WHAT YOU SHOULD DO:
Transcribe word for word the section of the records below that opens with the line containing "Desenho de Chlo" and closes with the line containing "Earth moving equipment"; drop every picture.

RECORDS FOR THE TASK:
+---+

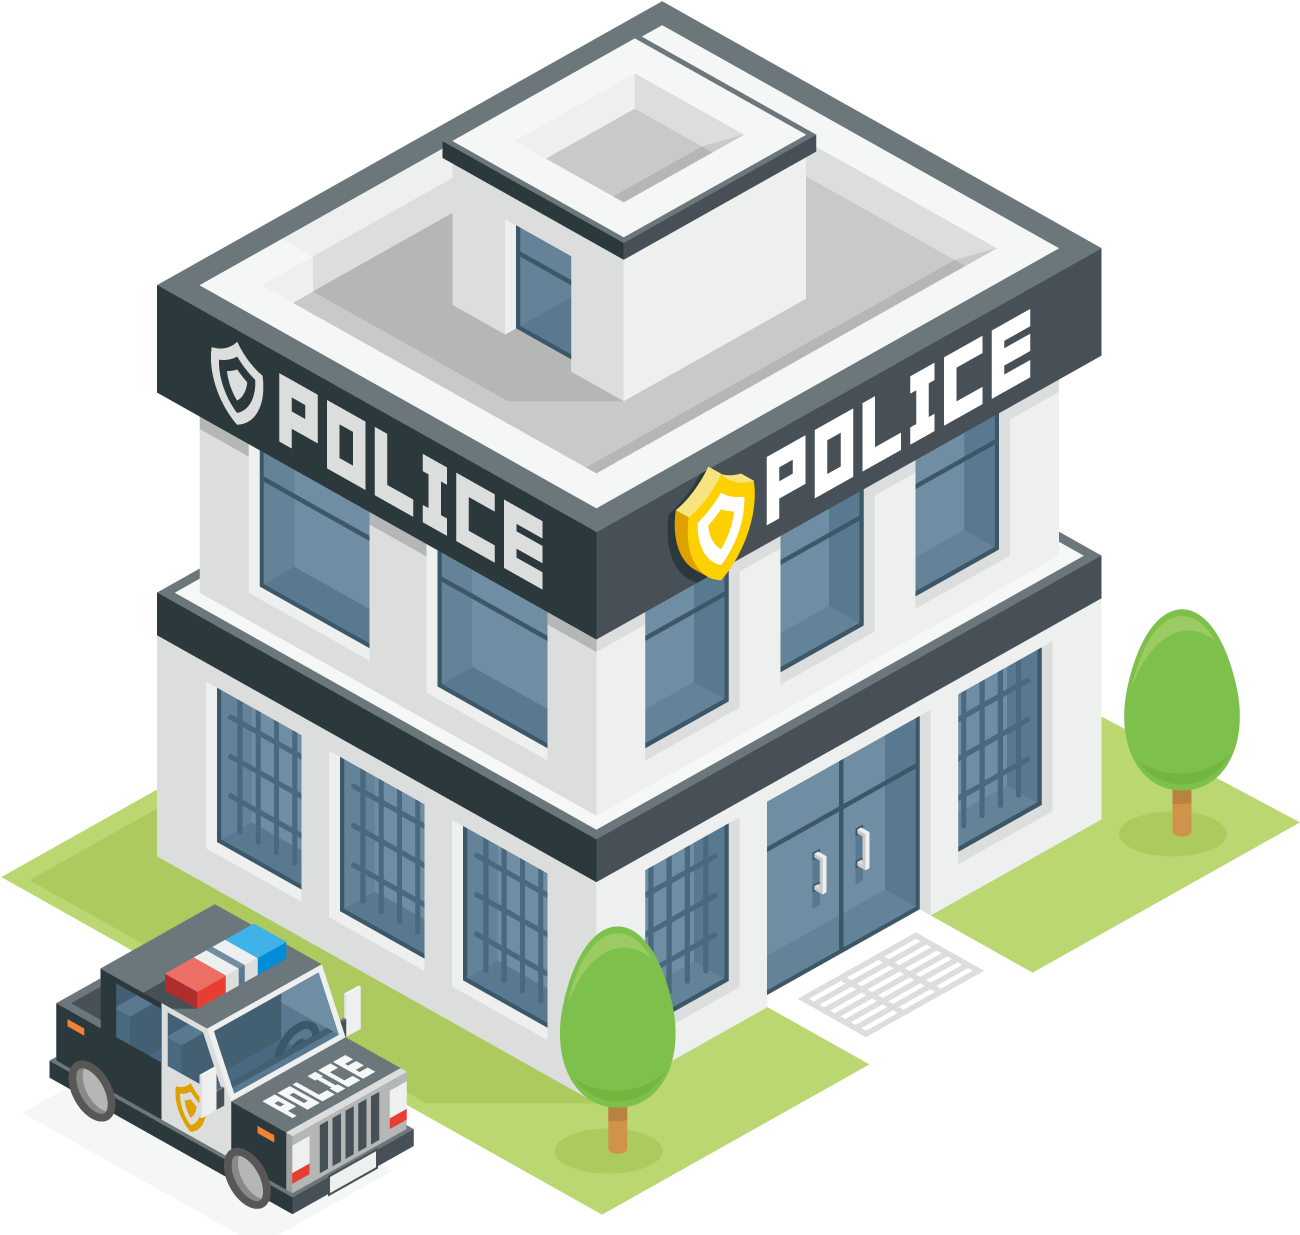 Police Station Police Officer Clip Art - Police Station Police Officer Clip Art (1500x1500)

+---+

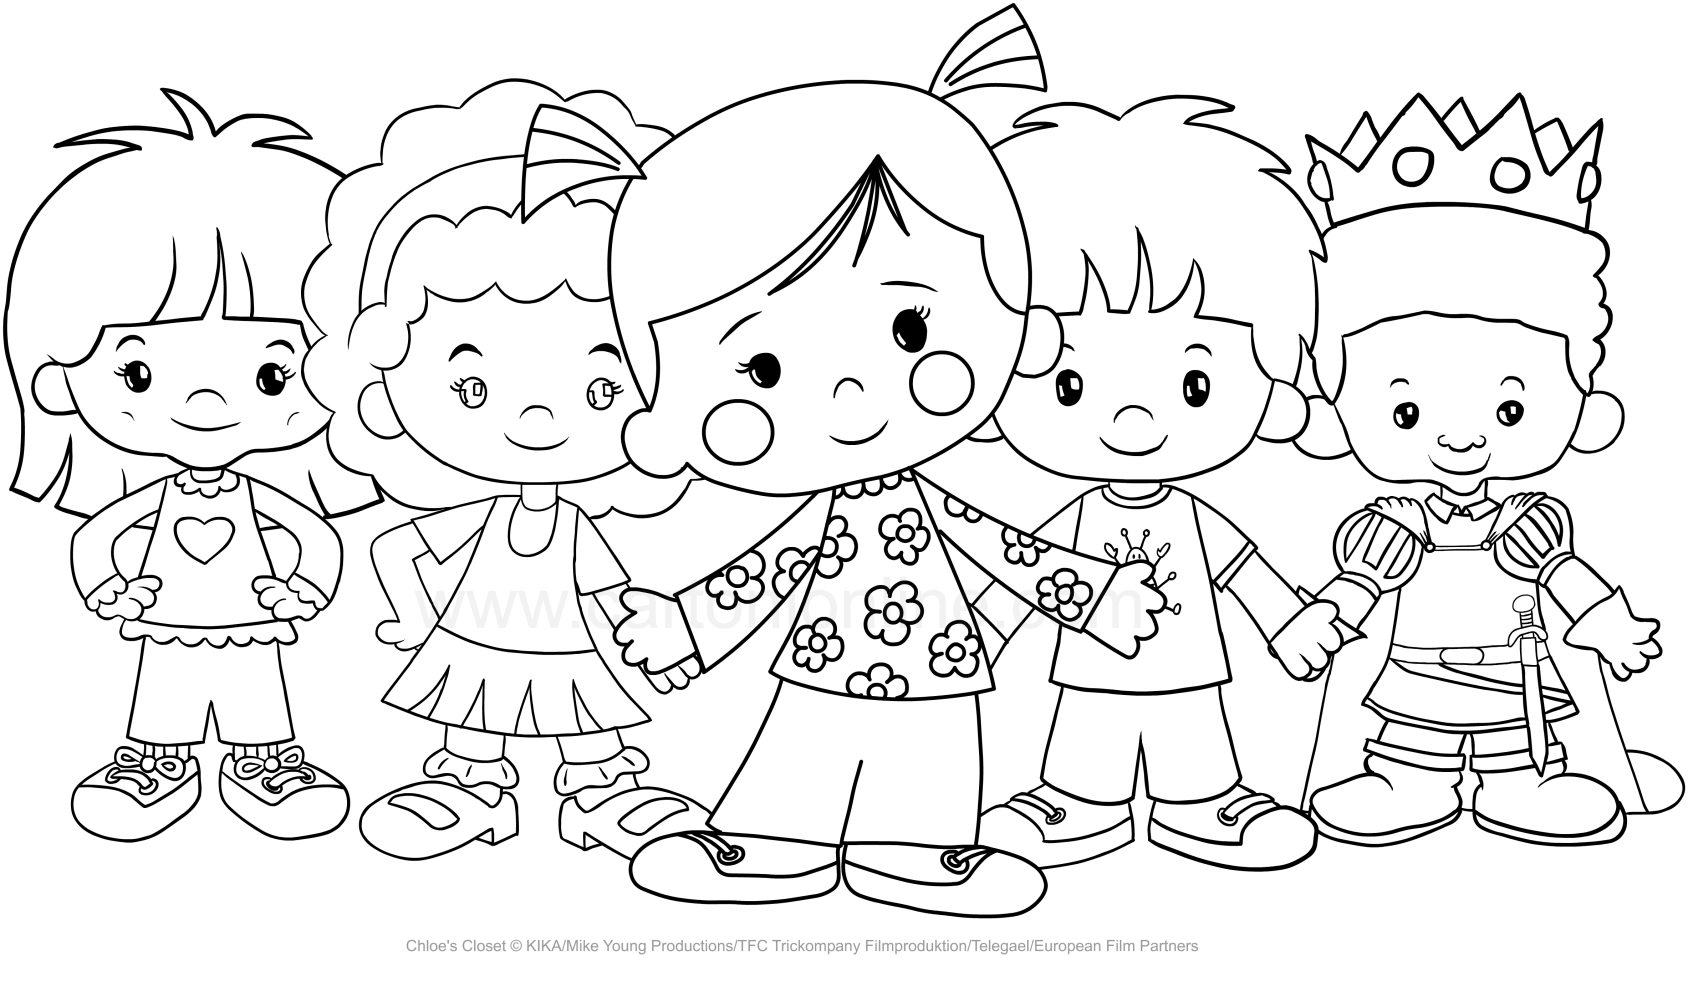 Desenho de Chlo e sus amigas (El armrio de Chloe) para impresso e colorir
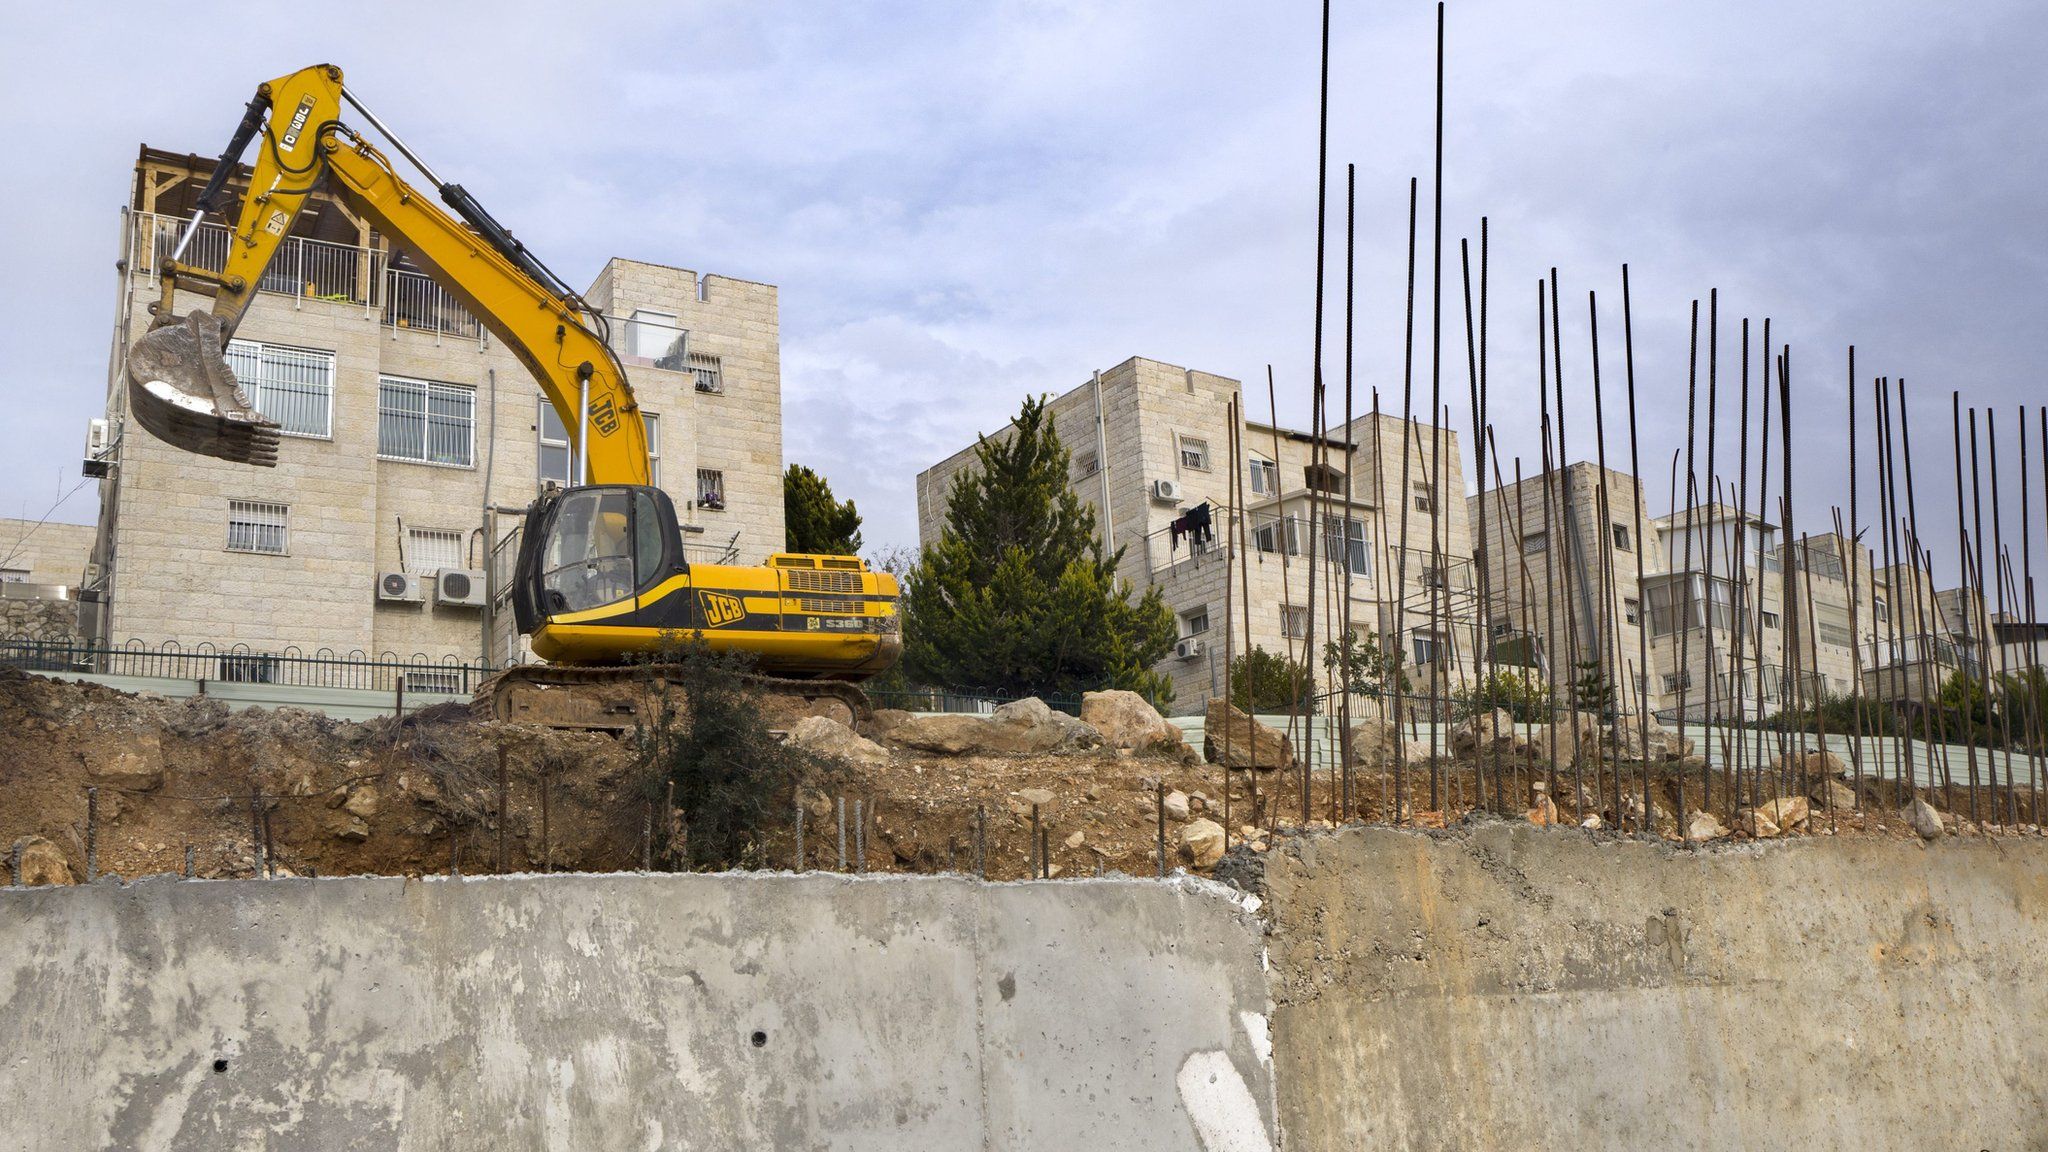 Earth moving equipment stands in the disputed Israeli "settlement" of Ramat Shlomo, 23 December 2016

+---+

RESULT FOR THIS TASK:
 Desenho de Chlo e sus amigas (El armrio de Chloe) para impresso e colorir
 Earth moving equipment stands in the disputed Israeli "settlement" of Ramat Shlomo, 23 December 2016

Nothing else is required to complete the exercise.